WHAT TO PRODUCE -> Begin at the line with "Converse All Star" and set down each line exactly until the listing ends. Images stay out.

TASK INPUT ->
※ ※ ※

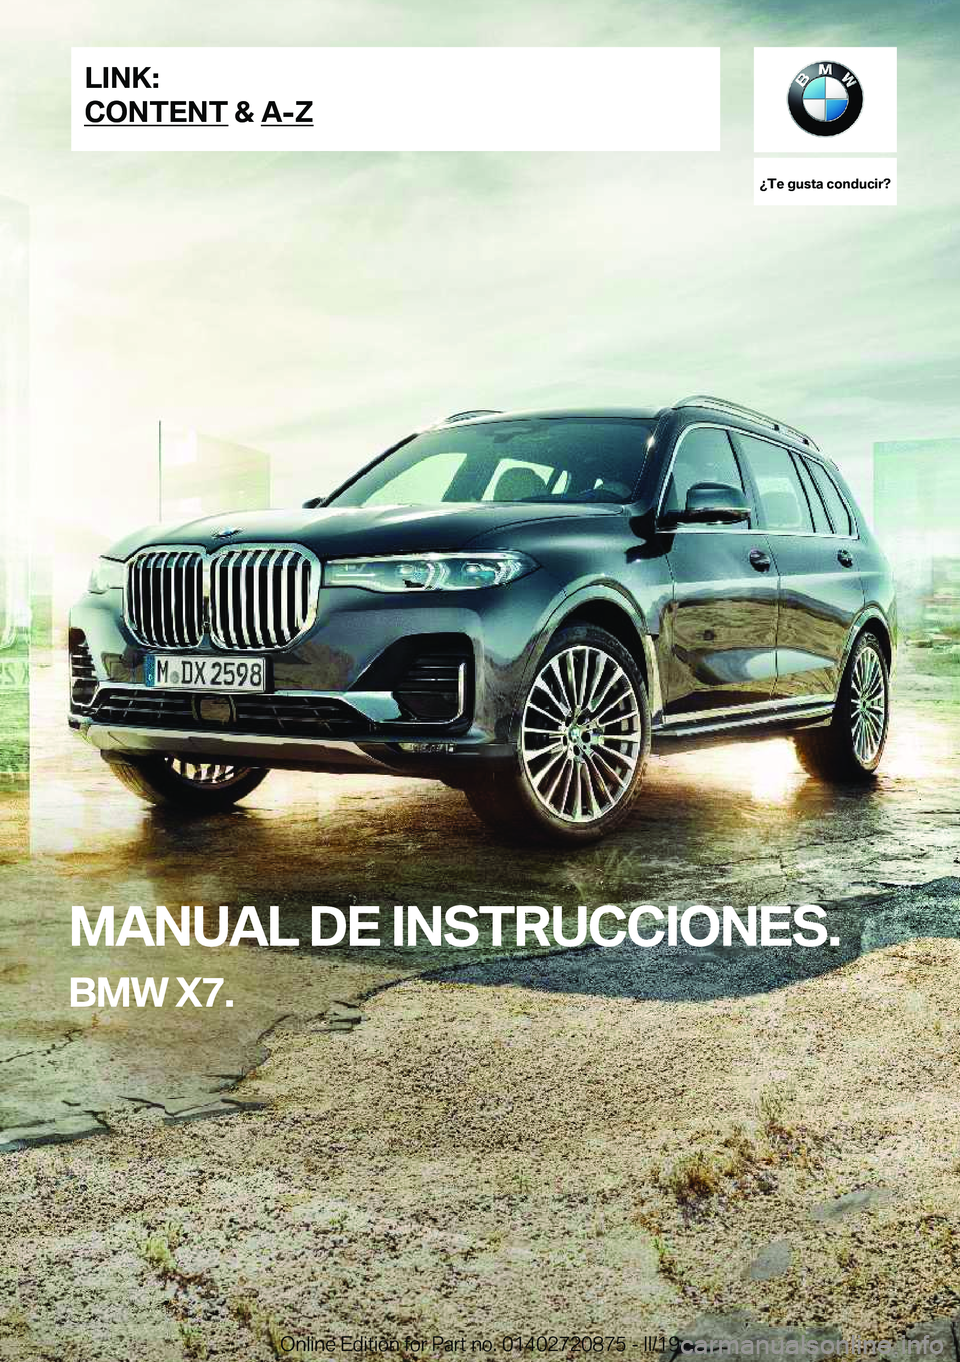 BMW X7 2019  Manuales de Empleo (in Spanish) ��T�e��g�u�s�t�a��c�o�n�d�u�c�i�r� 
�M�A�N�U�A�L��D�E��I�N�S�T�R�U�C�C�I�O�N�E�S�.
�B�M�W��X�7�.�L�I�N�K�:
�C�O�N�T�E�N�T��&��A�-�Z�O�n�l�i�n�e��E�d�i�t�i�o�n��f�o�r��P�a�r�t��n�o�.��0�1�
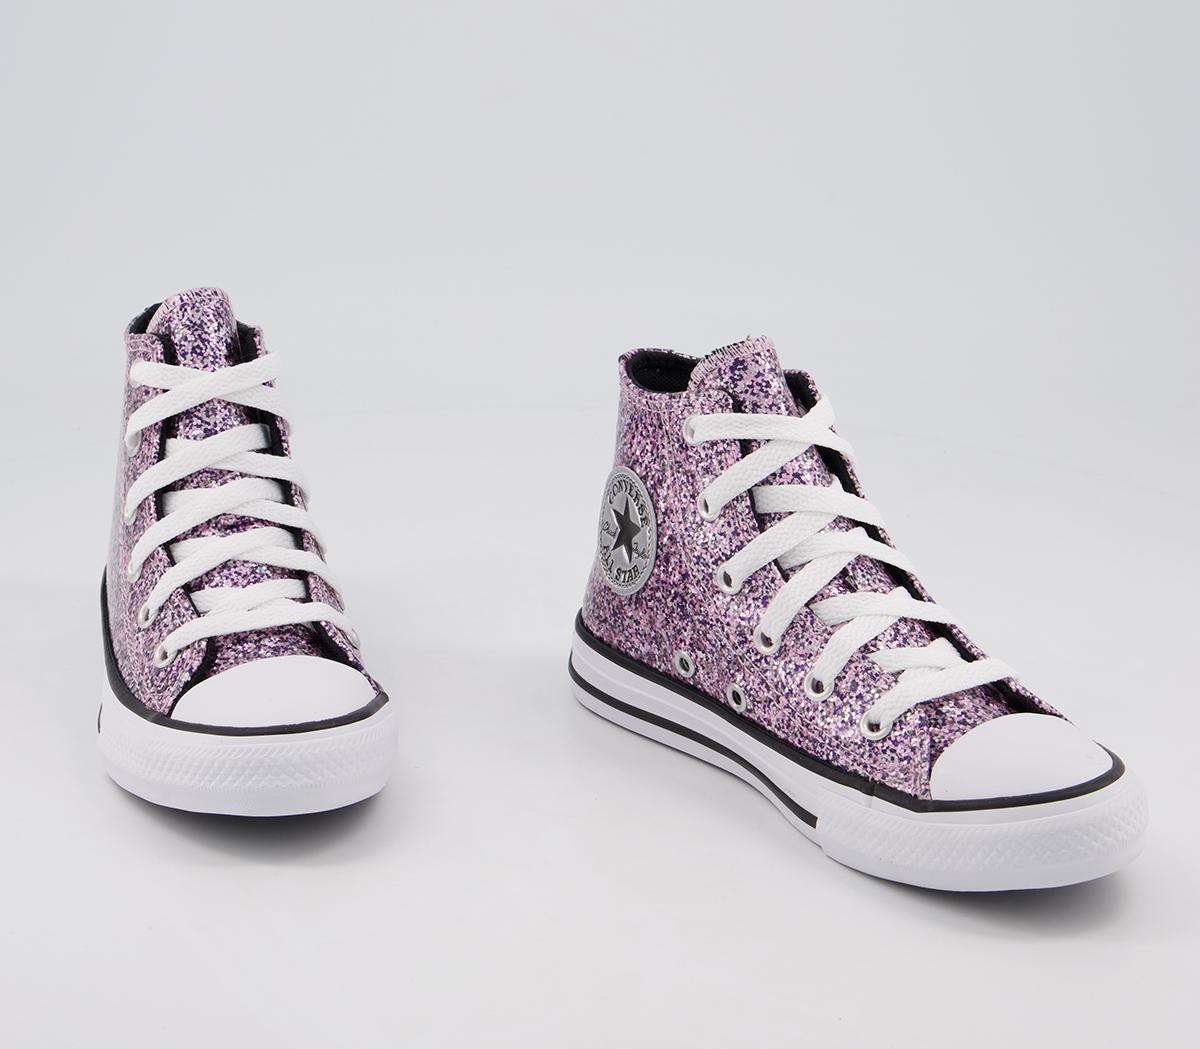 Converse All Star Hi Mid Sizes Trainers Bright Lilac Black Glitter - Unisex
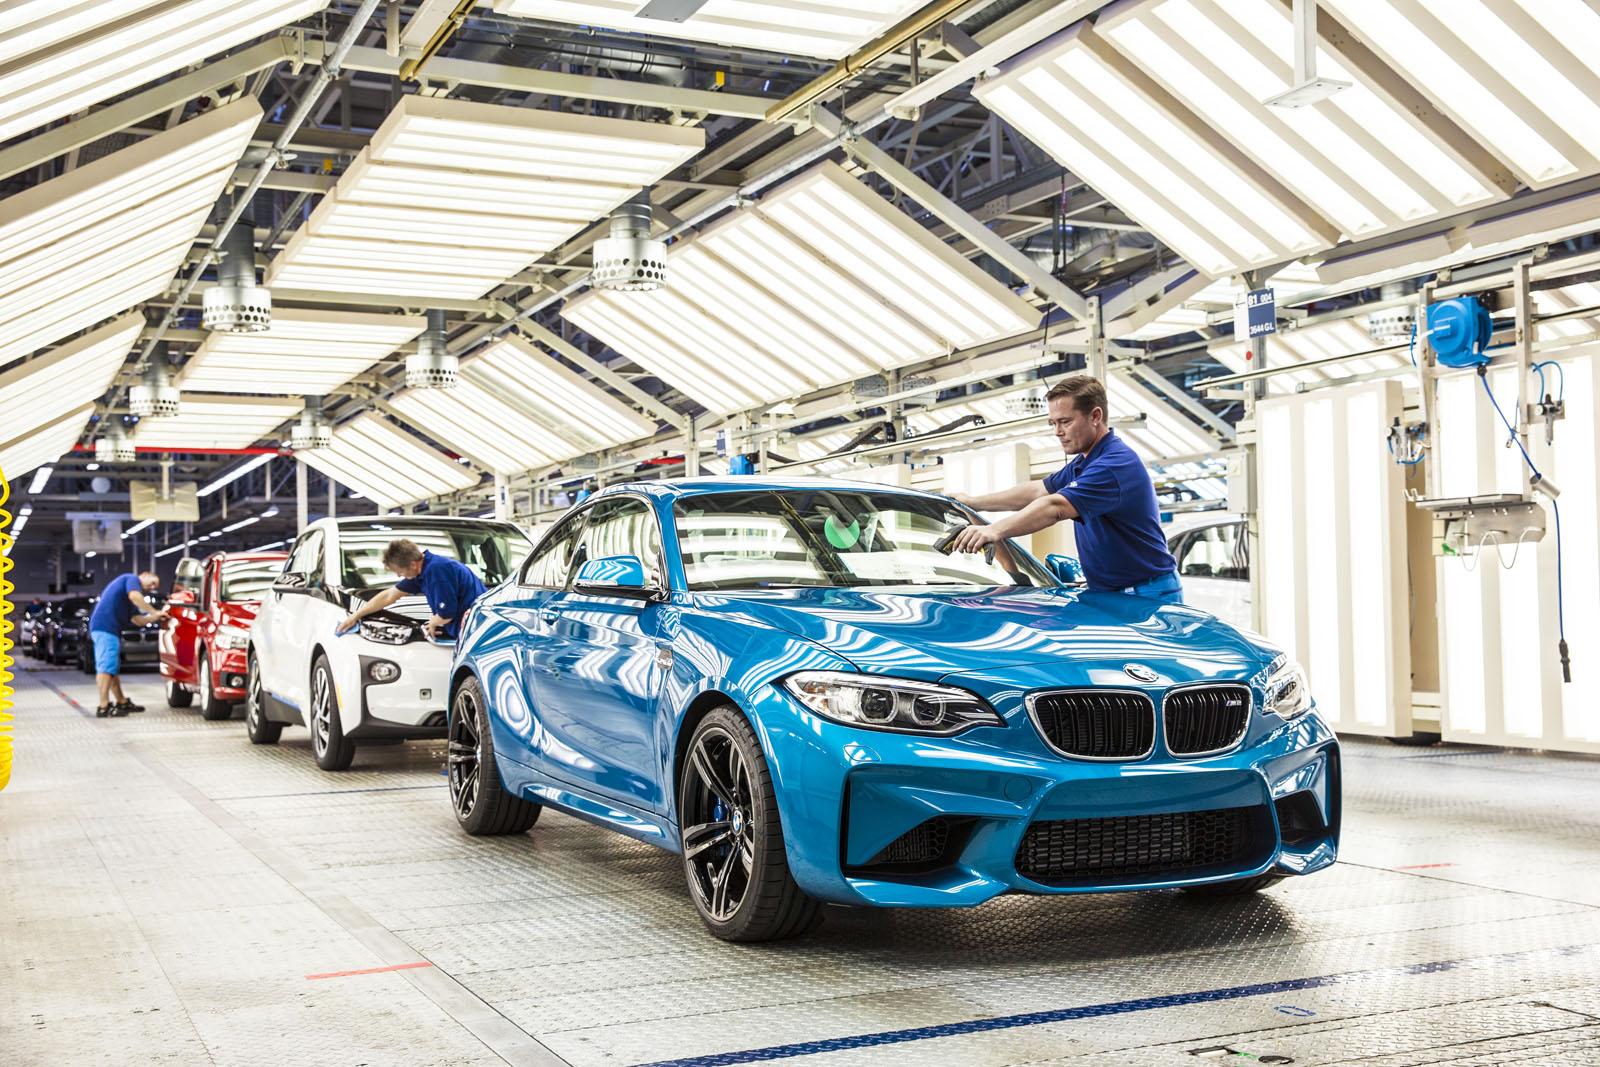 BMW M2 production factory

※ ※ ※

ANSWER BOX ->
 Converse All Star Hi Mid Sizes Trainers Bright Lilac Black Glitter - Unisex
 BMW M2 production factory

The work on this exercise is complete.